Joe Duffy - Journey to Pulumi 1.0

September 5, 2019

Journey to Pulumi 1.0
We started Pulumi a little over two years ago with an ambitious mission: to enable as many people on the planet to harness as much of the modern cloud as possible. The raw capabilities of modern cloud platforms are astonishing and are growing at an unbelievable pace. Yet they remain out of reach or hard to use for most of us. Pulumi’s mission starts by helping those who are already using the cloud — operations and infrastructure teams, as well as developers doing infrastructure — with an eye to empowering the growing number of over 20 million developers in our industry. I’m happy today that we’ve reached our first 1.0 milestone and would love to share a bit of background into why we’re so excited about the release and what comes next.

Before Pulumi

I arrived at cloud infrastructure somewhat accidentally, coming from a developer tools background where, for a decade, my teams helped build .NET, C#, and operating system platforms. Productivity, sharing and reuse, and collaboration were paramount in these domains. Along the way, I got excited by the opportunity in modern cloud platforms, with the ubiquity of powerful managed infrastructure services and new service-based architectures. But the state of the art that I encountered when taking the leap in 2016 was far from what I expected.

Most engineering teams struggle to function in the modern cloud world. Developers usually don’t stand up their own infrastructure (or, if they do, can’t do so in a production-ready way). And operations teams toil with aging tools and rudimentary capabilities in precisely those areas that we usually prioritize highly for developer tools (productivity, sharing and reuse, etc). As we spoke to customers, we found multiple roles born to help bridge the gaps between these two “sides of the house”: infrastructure engineers, systems engineers, site reliability engineers, and DevOps engineers, to name just a few. Nobody was happy with the tools and silos.

We wondered why this could be. If we rewound the clock to even just 2010, it seemed we had things better. Application developers largely focused on building N-tier applications with tried and true stacks. The IT organization could easily provision machine capacity — increasingly virtualized — on-demand, image the machines, and configure them without needing to know much about the applications themselves. Over time, operators picked up new tools in the toolbelt to automate these tasks, and DevOps was born. Everything seemed to make sense.

What changed?

Modern speed of innovation

The speed of business and technology innovation is much greater than even just 5 years ago, and demands a level of agility previously unheard of. Modern dot-coms like Amazon, Uber, and Airbnb have displaced entire industries and major enterprises across a broad range of industries such as FinTech, energy, and retail have reshaped their businesses by out-innovating their competition. There is a virtuous cycle here, whereby the rapid availability of innovative cloud capabilities, and one’s ability to leverage it, can mean life or death for your business.

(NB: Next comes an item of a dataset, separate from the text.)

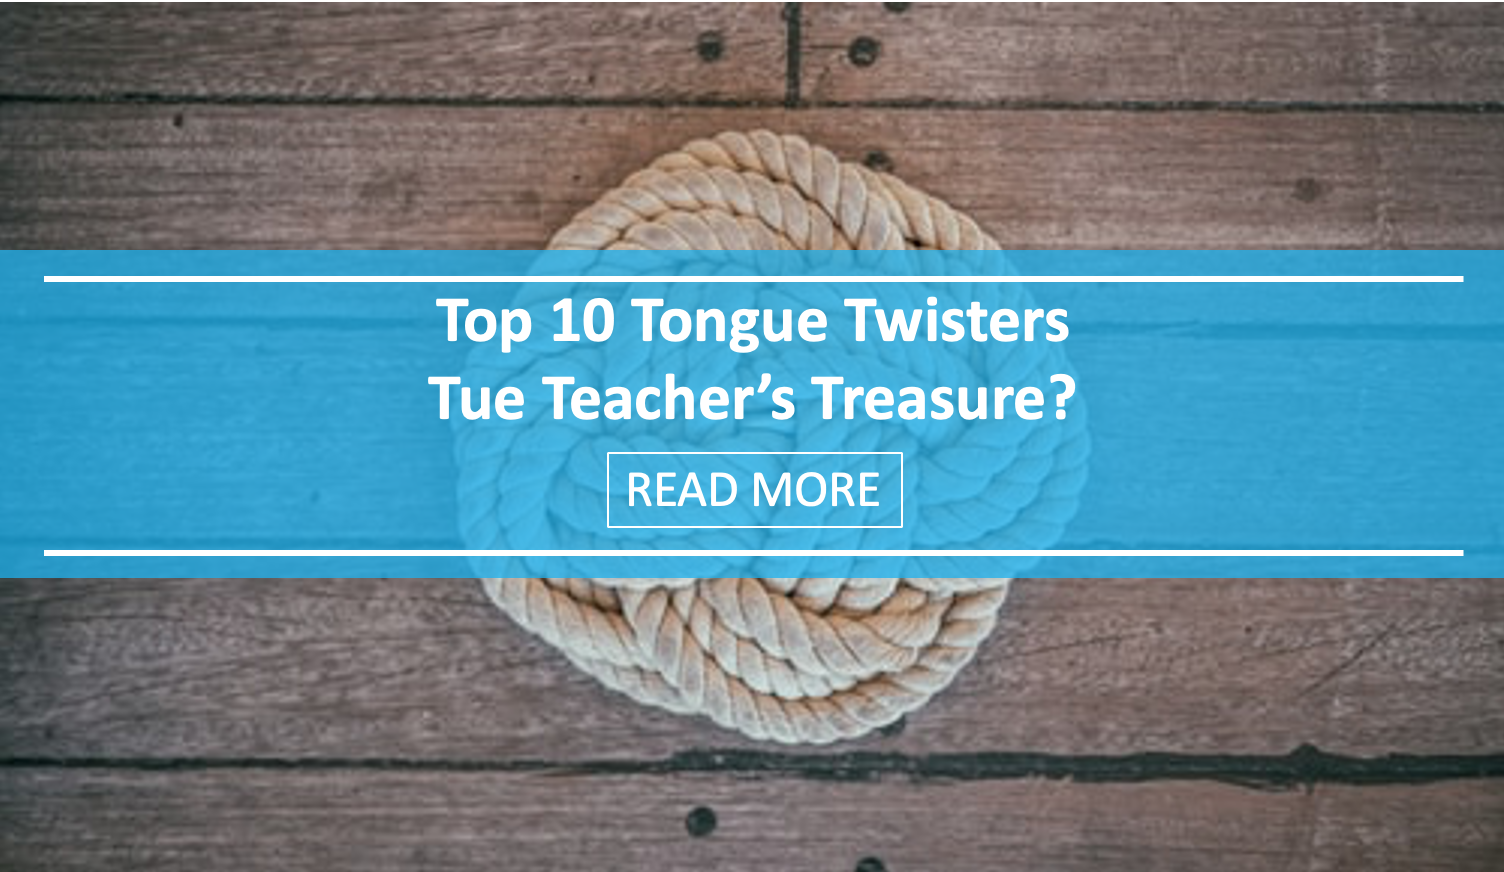 Top 10 Tongue Twisters: True Teacher's Treasure?

How are the leading companies evolving in response to this? We see a few core capabilities:
- An ability to deliver new application functionality quickly, and adjust dynamically to a changing customer base, and/or as you learn more about your customers’ needs.
- An infrastructure that is provisioned and can scale dynamically in support of these application needs, and is aligned with the applications to minimize friction.
- A team that is highly functional, productive, and can innovate together as a group.
All of this must be done with fundamentals in mind — particularly security — so that the cloud software being built is secure, reliable, and delivers the desired quality of end user experience. That’s not so easy when the entire cloud foundation is being rebuilt out from underneath you!

Modern applications

All applications are cloud applications these days. Virtually no application exists today that doesn’t leverage cloud compute, rich data services, hosted infrastructure, or a 3rd party REST API, in some capacity — whether big or small. New service-oriented architectures are now available, involving increasingly finer grained services that use cloud capabilities like containers or serverless, pay-as-you-go, compute.

There has been a gradual modernization of our entire application stack that has now hit the tipping point where everything is suddenly different, seemingly overnight. The problem I realized when starting on the Pulumi journey was that our overall engineering practices hadn’t had a serious end-to-end relook in quite some time. We tiptoed into VM-based application development, because the model mirrored machine based provisioning so closely, and so our approaches only had to change in small ways. We are now trying to gradually ease into the modern cloud application architectures, however, and it isn’t working very well — the change and opportunity to harness new capabilities is too great.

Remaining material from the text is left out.